Menanggapi gejolak tersebut, Satuan Tugas (Satgas) MBG Kabupaten Lamongan langsung melakukan langkah cepat dengan mengumpulkan seluruh kepala SPPG untuk sinkronisasi layanan.
Ketua Satgas MBG Lamongan, Nalikan, mengakui adanya kendala operasional pada masa awal pelaksanaan program di bulan suci Ramadan ini. Ia menyebut dua hari pertama merupakan masa uji coba untuk penyesuaian menu dan proses penyajian.
"Kami terus melakukan evaluasi agar ke depan seluruh layanan MBG, baik kualitas gizi maupun keamanannya, berjalan sesuai standar SOP," ujar Nalikan, Kamis (26/02/2026).
Nalikan juga meluruskan persepsi masyarakat mengenai besaran porsi yang kerap dianggap tidak seragam. Ia menegaskan bahwa program ini menggunakan sistem anggaran at-cost (sesuai biaya riil), bukan berdasarkan pagu maksimal.

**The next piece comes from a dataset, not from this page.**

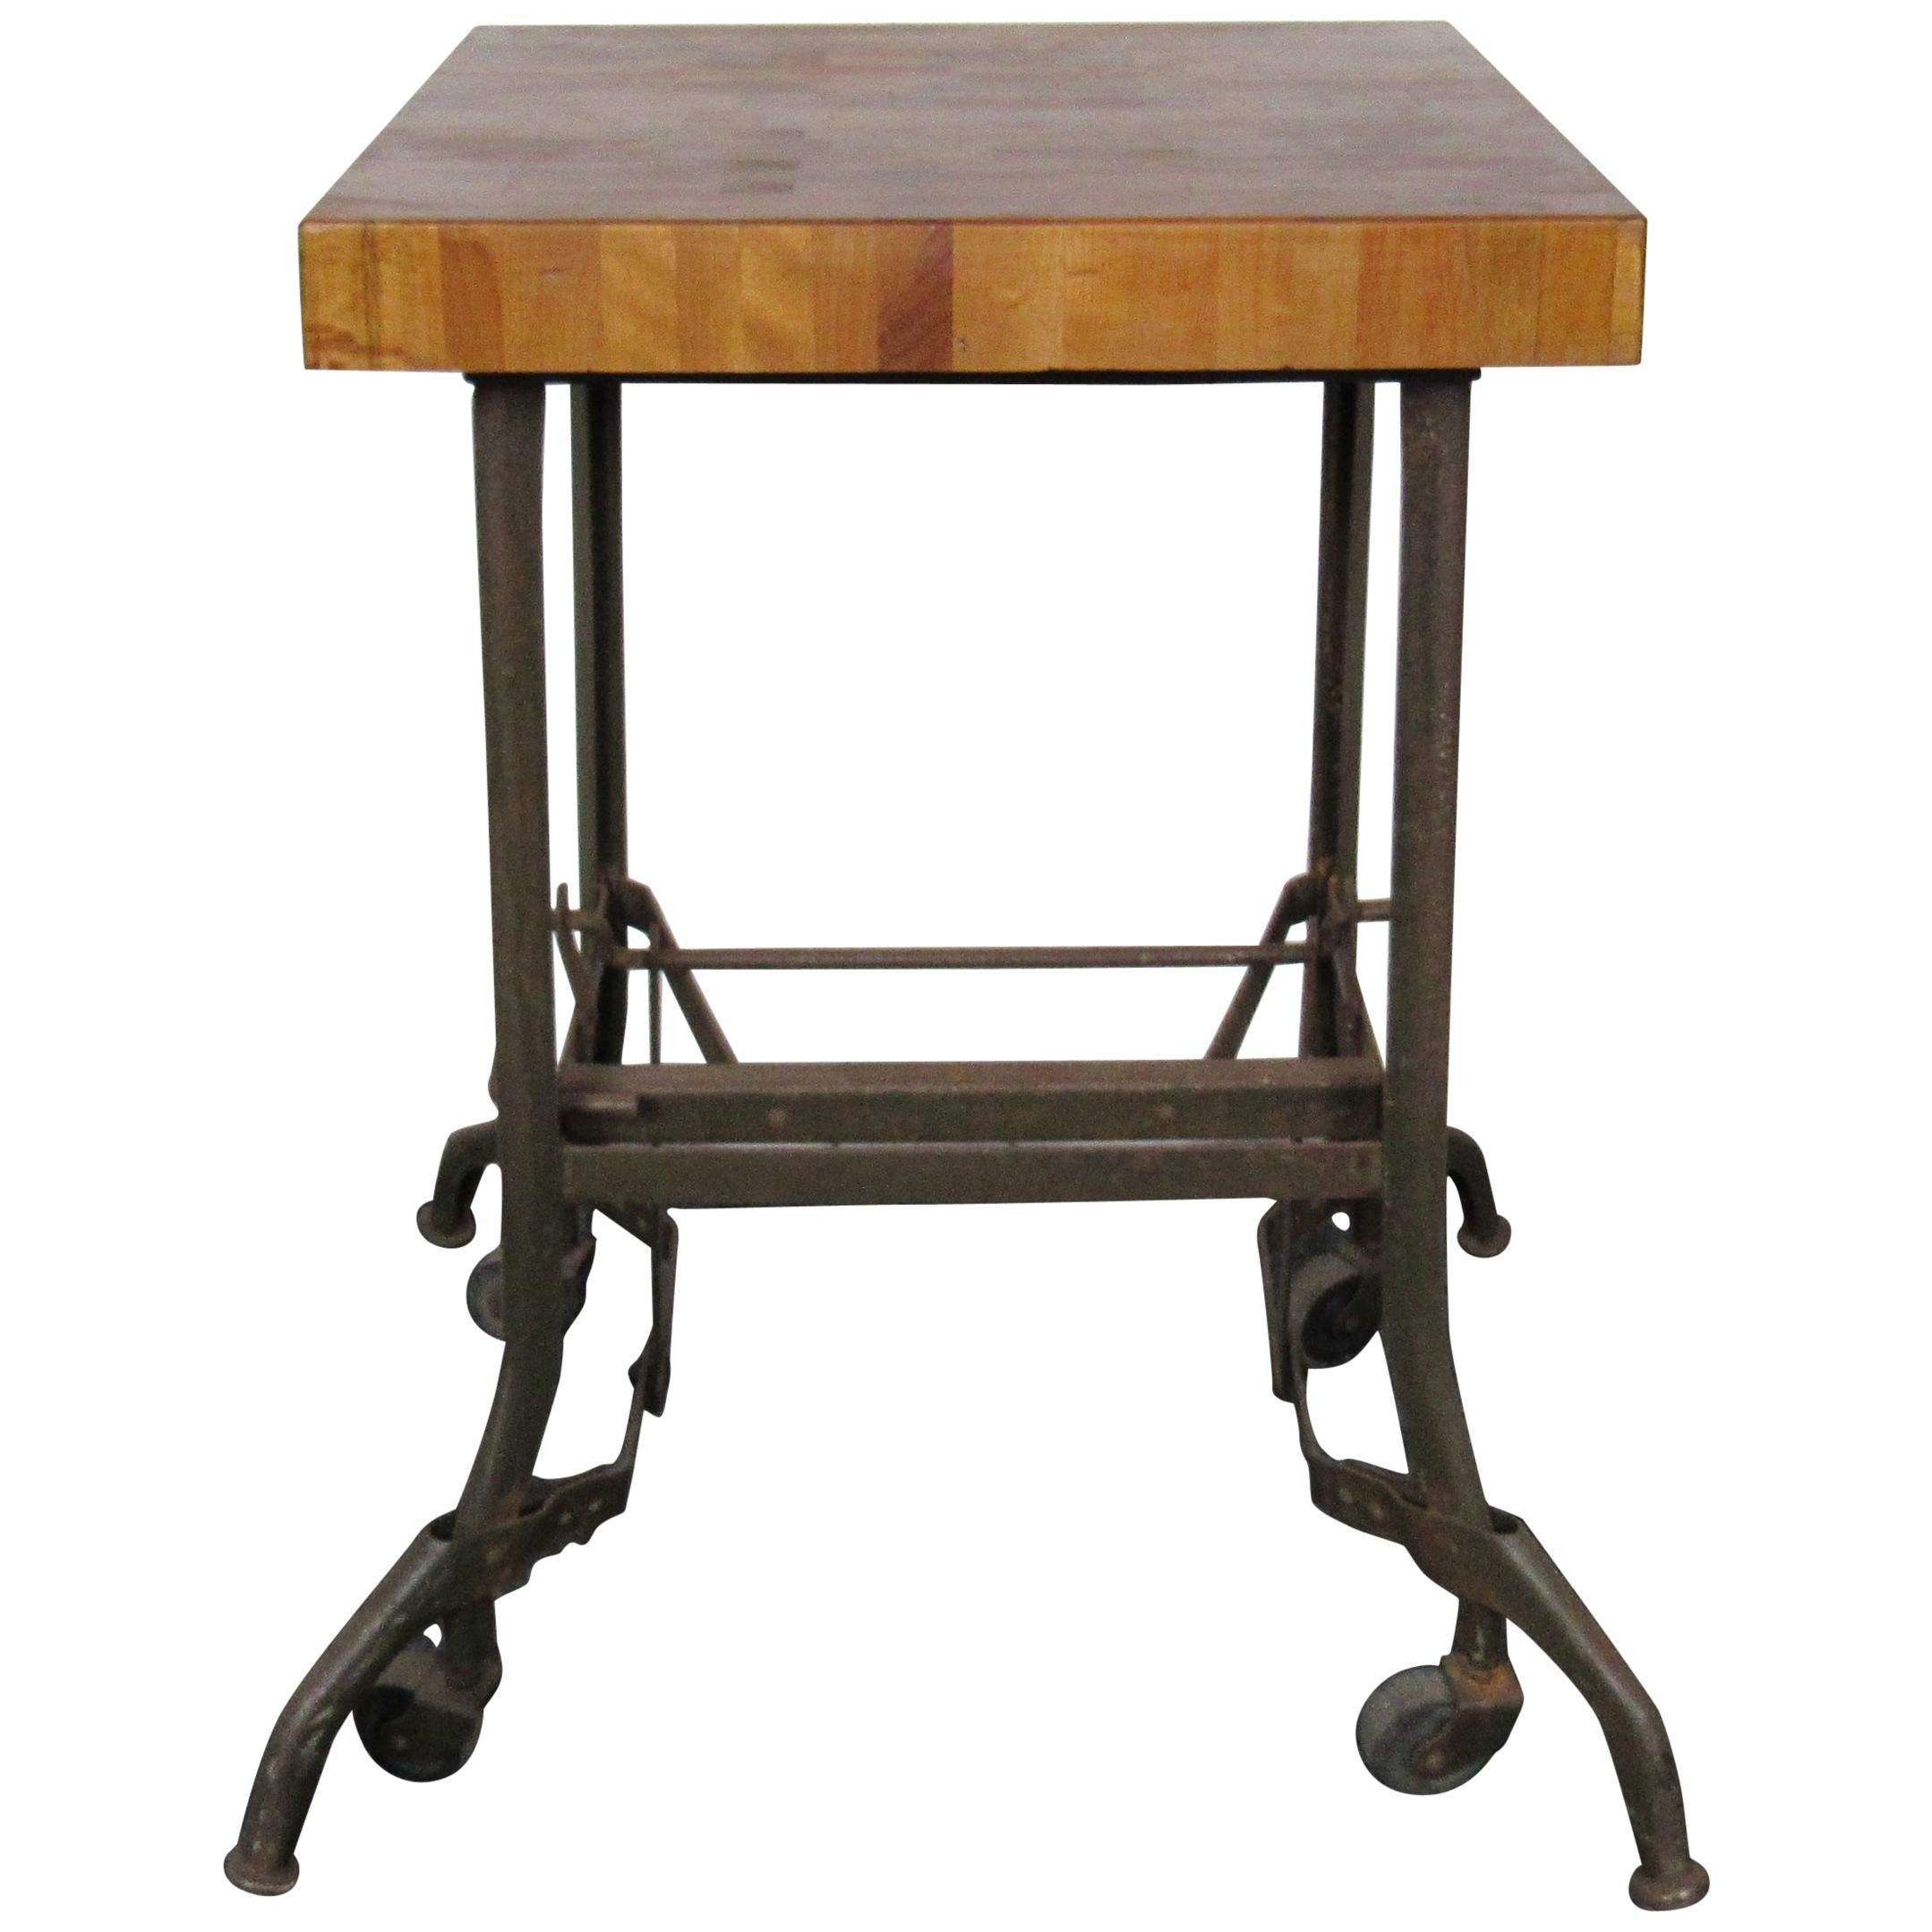 Vintage Industrial Butcher Block Table

"Banyak yang belum mempersepsikan ini dengan jelas. MBG itu at-cost. Jika pagunya Rp 10.000 tetapi nilai makanan yang dibuat setelah dihitung hanya Rp 9.000, maka yang dibayar pemerintah hanya Rp 9.000. Begitu juga jika hanya Rp 7.000, maka klaimnya sebesar itu," jelasnya.
Meskipun nominal belanja bervariasi mengikuti harga pasar, Satgas menjamin standar nilai gizi tidak boleh dikurangi. SPPG diwajibkan melakukan survei harga pasar setiap minggu dengan mengacu pada Harga Eceran Tertinggi (HET) dari Disperindag.
"Adik-adik di SPPG menentukan gizi, porsi, dan perencanaan menu untuk 14-15 hari ke depan. Mitra yang berbelanja tidak boleh melebihi pedoman HET yang ada. Kami perketat pengawasannya," tambah Nalikan.
Sebagai langkah antisipasi ke depan, Satgas akan membentuk koordinator tingkat kecamatan untuk mempercepat respons aduan warga.
Nalikan menegaskan pihaknya tidak segan melakukan evaluasi berkelanjutan jika ditemukan penyimpangan di lapangan demi memastikan pemenuhan gizi anak-anak di Lamongan tetap terjaga. (yan)
What's Your Reaction?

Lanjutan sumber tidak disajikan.